● Available data:
++++++++++

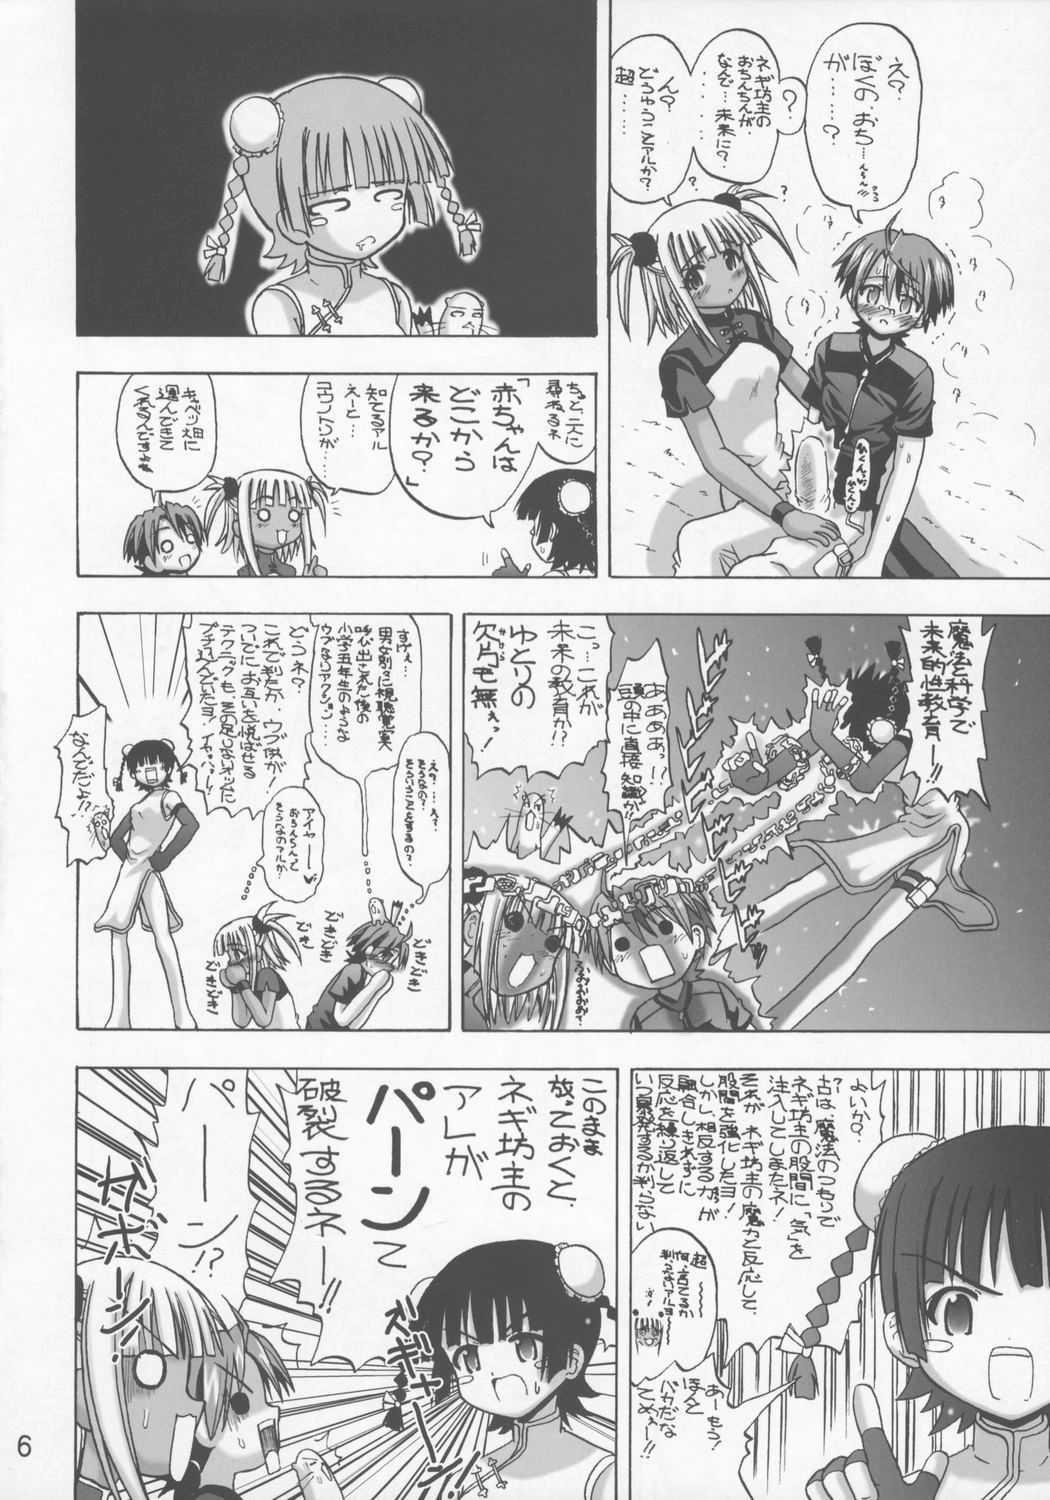 Anal Gape Ku Negi - Mahou sensei negima Girl - Page 5
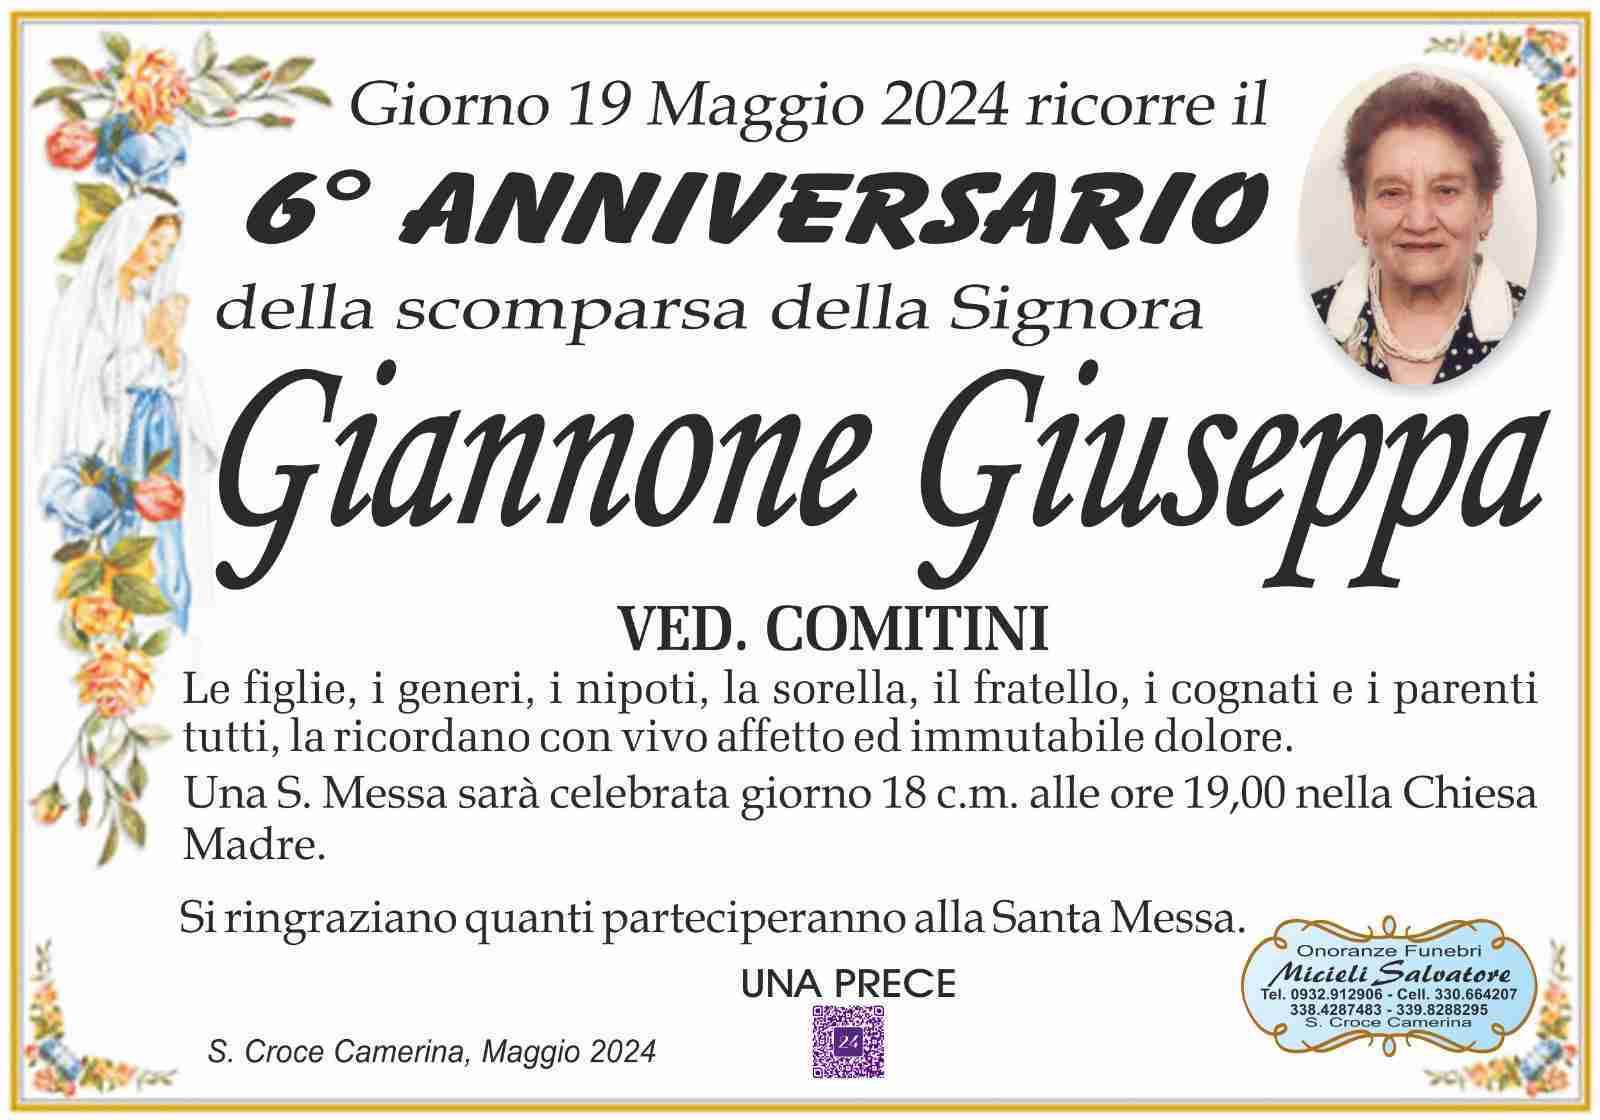 Giuseppa Giannone
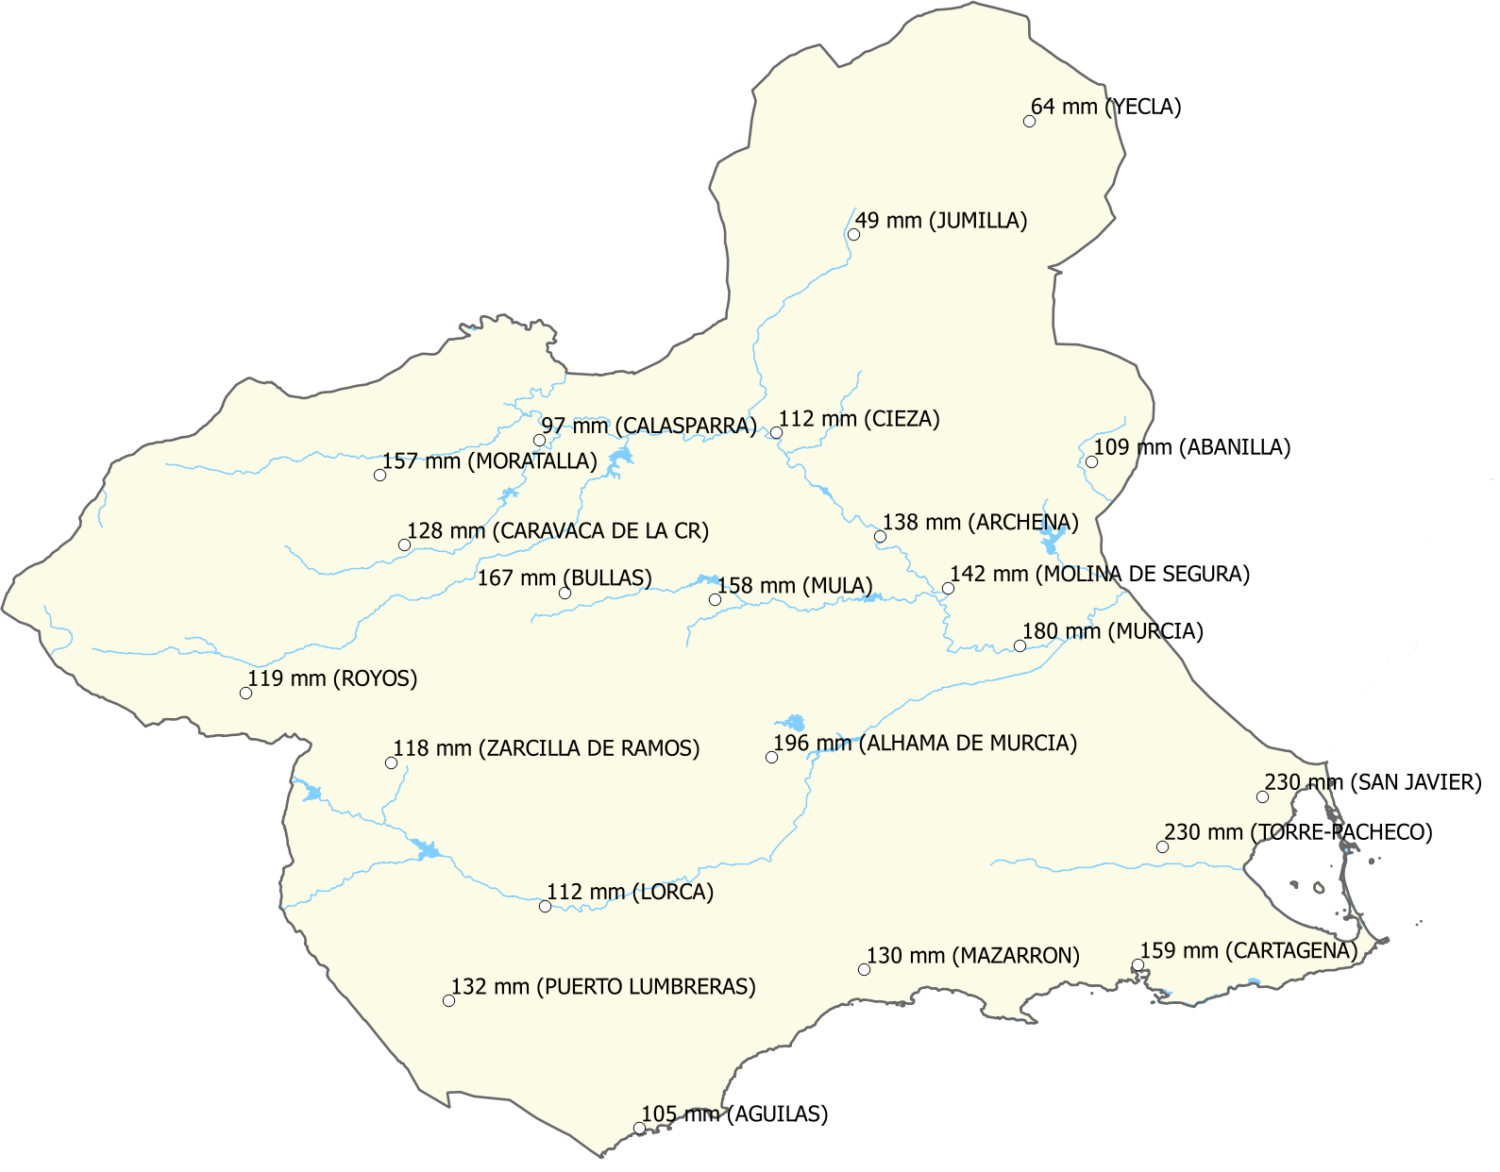 Precipitaciones registradas en las estaciones de la Región de Murcia (elaborada a partir de información publicada en www.aemet.es)

++++++++++

Set down the data above exactly as written. Omit the pictures.

● Answer to this task:
 Anal Gape Ku Negi - Mahou sensei negima Girl - Page 5
 Giuseppa Giannone
 Precipitaciones registradas en las estaciones de la Región de Murcia (elaborada a partir de información publicada en www.aemet.es)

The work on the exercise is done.